2021
Nov

At COP26, defining what good looks like for carbon credits

Encouraging news came out of this year’s annual climate conference in Glasgow when more than 100 countries pledged to halt deforestation by 2030, commitments backed by some $19 billion in public and private funding. That amount falls far short, however, of the estimated $700 billion that will be needed to reverse the loss of the world’s tropical forests, key to meeting goals set under the Paris Agreement.

Carbon credits offer a critical opportunity to fill that funding gap, and with demand surging experts say there is a need to help define quality credits that are bringing a positive impact for the environment and forest communities.

That was the focus of a panel held Friday in Glasgow on the sidelines of the COP 26 gathering. Co-hosted by Earth Innovation Institute (EII), Environmental Defense Fund (EDF) and Conservation International (CI), speakers examined the role of carbon credit mechanisms — including REDD+ and jurisdictional programs — in supporting the transition to forest-friendly development in tropical forest regions.

“We continue to lose about four million hectares of primary tropical forest per year and an additional eight million hectares of secondary forest,” noted Christine Ender, CI’s regional climate change advisor for the Africa region. “It is clear we need urgent action to reverse this.”

EII Executive Director Daniel Nepstad recalled the sense of optimism that preceded the 2009 COP gathering in Copenhagen, when there was a sense that the market for climate finance may finally be coming together. Those hopes were quickly dashed as leaders failed to reach an agreement, however.

In 2014, sub-national governments representing more than a third of all tropical forest regions joined in signing the Rio Branco Declaration, signaling their willingness to make the transition to low-emission growth and the partnerships and investments they would need to achieve this, few of which materialized.

“We need a new way of doing business to get finance flowing,” Nepstad noted, adding that today’s rising corporate interest in carbon finance offers “new partnerships that could be a piece of that long-awaited finance needed to drive the scale of change necessary for forests and forest peoples.”

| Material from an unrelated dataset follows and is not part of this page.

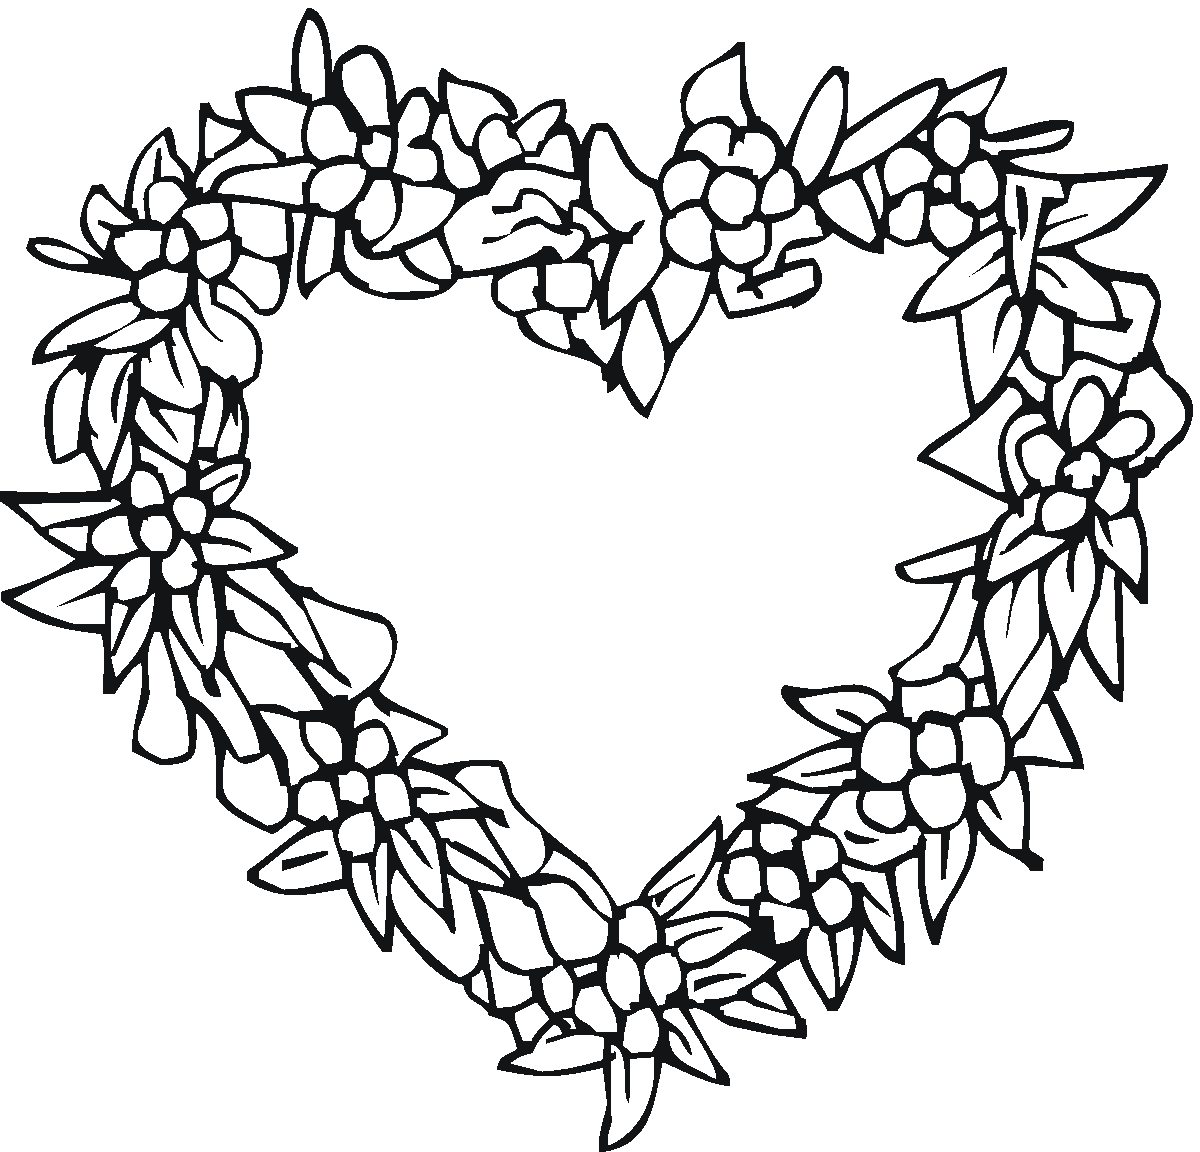 coloring pages of a heart heart coloring page crafting the word of god a of coloring pages heart

Perú and the Brazilian state of Mato Grosso offer two examples of what that change looks like on the ground, and what is needed in terms of funding to make the necessary transition.

In Perú, where six regional Amazon governments have recently completed low-emission rural development (LED-R) strategies, deforestation is being driven largely by an expanding agricultural frontier populated mainly by smallholder farmers. Relying solely on command-and-control policies without providing positive economic incentives could exacerbate forest loss, driving farmers to illicit activities like coca cultivation to recoup lost incomes.

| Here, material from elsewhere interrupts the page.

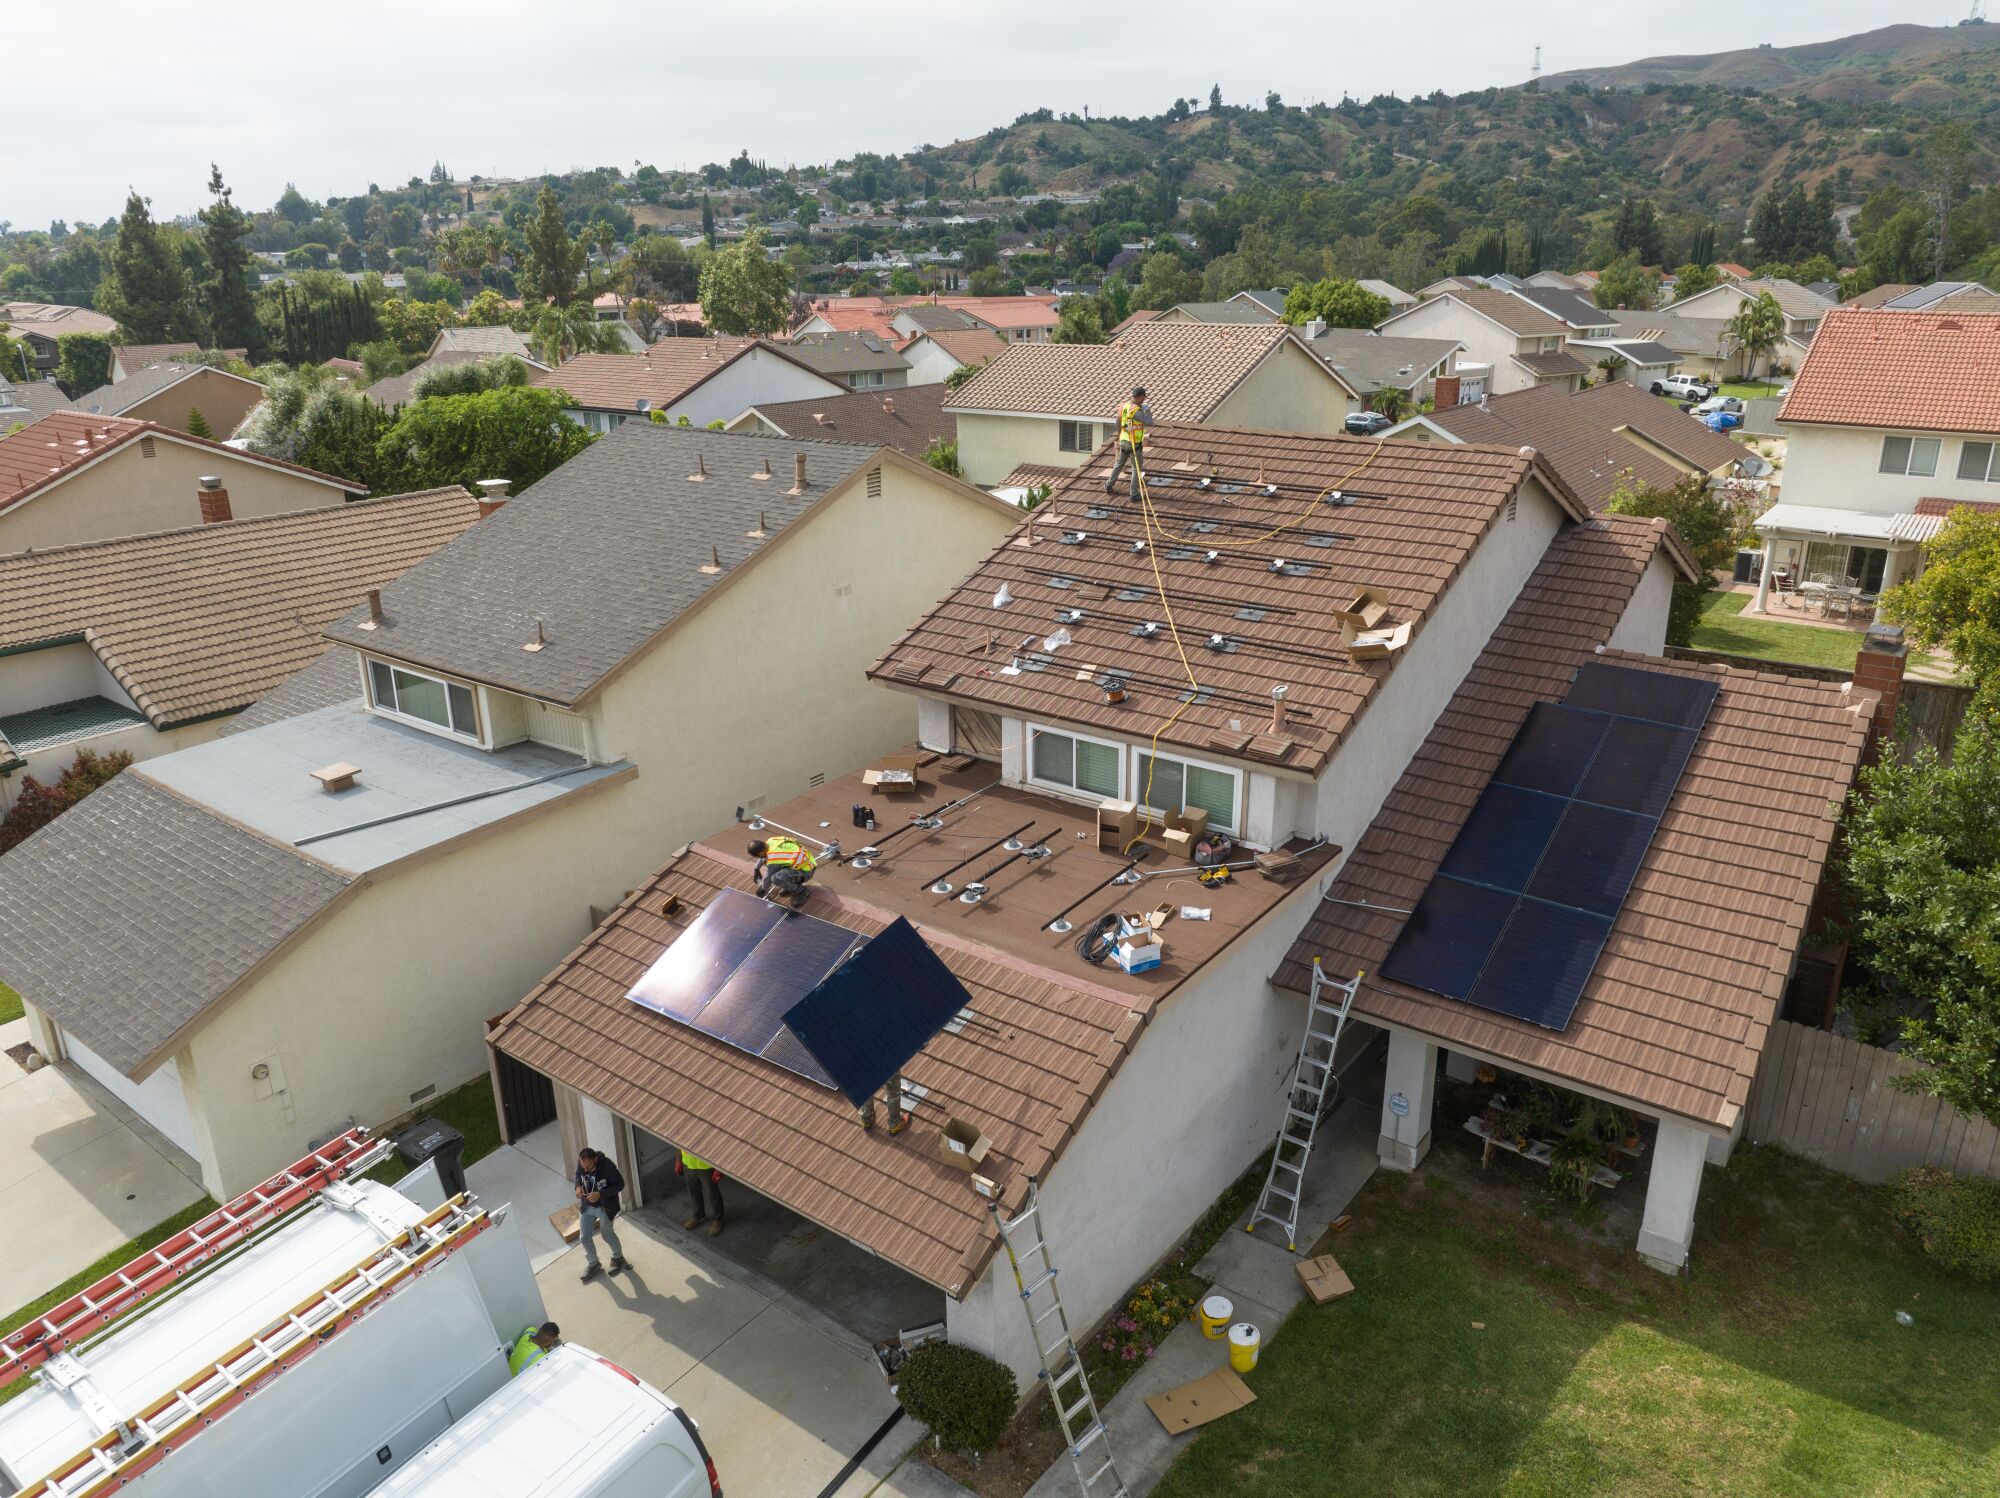 A house in Brea, CA gets solar panels installed on Thursday, June 15, 2023.

According to Nepstad, the cost for implementing Perú’s LED-R strategies amounts to $4.5 billion over the first five years, of which government funding would cover approximately half, leaving an additional $2 billion and change that could be covered through carbon credit mechanisms.

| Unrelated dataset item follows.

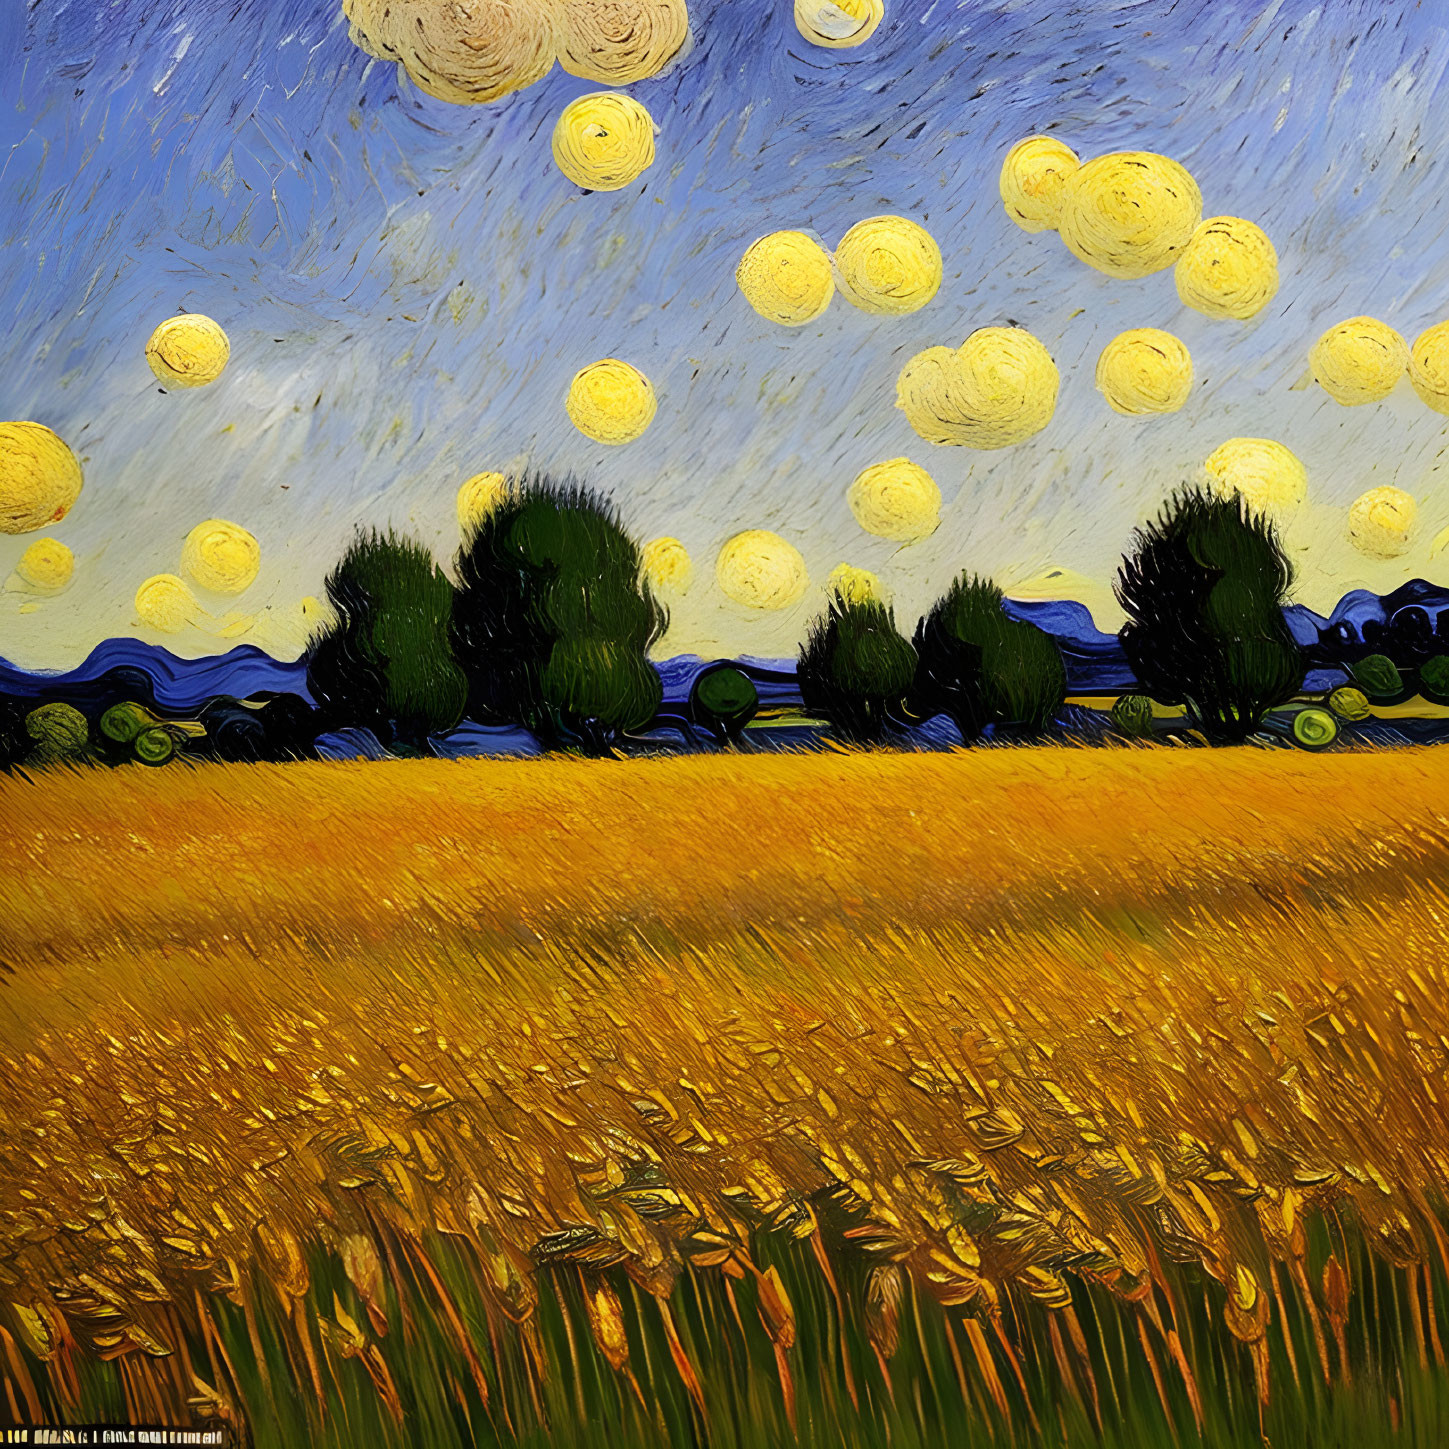 Colorful Starry Sky Painting with Yellow Orbs, Wheat Field, and Trees

The case in Mato Grosso, Brazil’s largest agricultural producing state, is slightly different. The state has long been recognized as a pioneer in forest conservation, having achieved more than one billion tons in avoided emissions and with one of the world’s most advanced jurisdictional REDD strategies in place. The government recently announced its commitment to achieve carbon neutrality by 2035, the culmination of years of work to define a long-term vision for the state in consultation with a broad array of stakeholders, including producers, indigenous peoples, and the private sector.

“We know the pathways that lead to this decarbonization. We know what needs to be done, and in fact these are actions that already happening,” said Fernando Sampaio, executive director of the Produce, Conserve, Include (PCI) Institute, which works with the state to improve land use and territorial governance issues in Mato Grosso. “What we need is to finance this transition in the field, to increase efficiency, to preserve the forests we have and restore the forests we need.”

According to Sampaio, the cost for this effort comes to $38 billion over the next 10 years, of which some portion would be covered by available mechanisms, including government budgets, rural credit lines, and private investments. “We see carbon finance as one of these instruments,” Sampaio explained.

Ruben Lubowski is the chief environmental economist with EDF. Speaking to the growing surge in demand for carbon credits, he pointed to the high degree of inconsistency between what constitutes a good credit, and the “need to develop a consensus for companies of what good looks like.”

According to Nepstad, that question of what good looks like has to be seen through the “lens of rural development,” through which providing high quality credits has to be prioritized right alongside bringing benefits on the ground, including poverty alleviation and an agenda focused on inclusion.

And without upfront finance, adds Nepstad, these credits will never be delivered.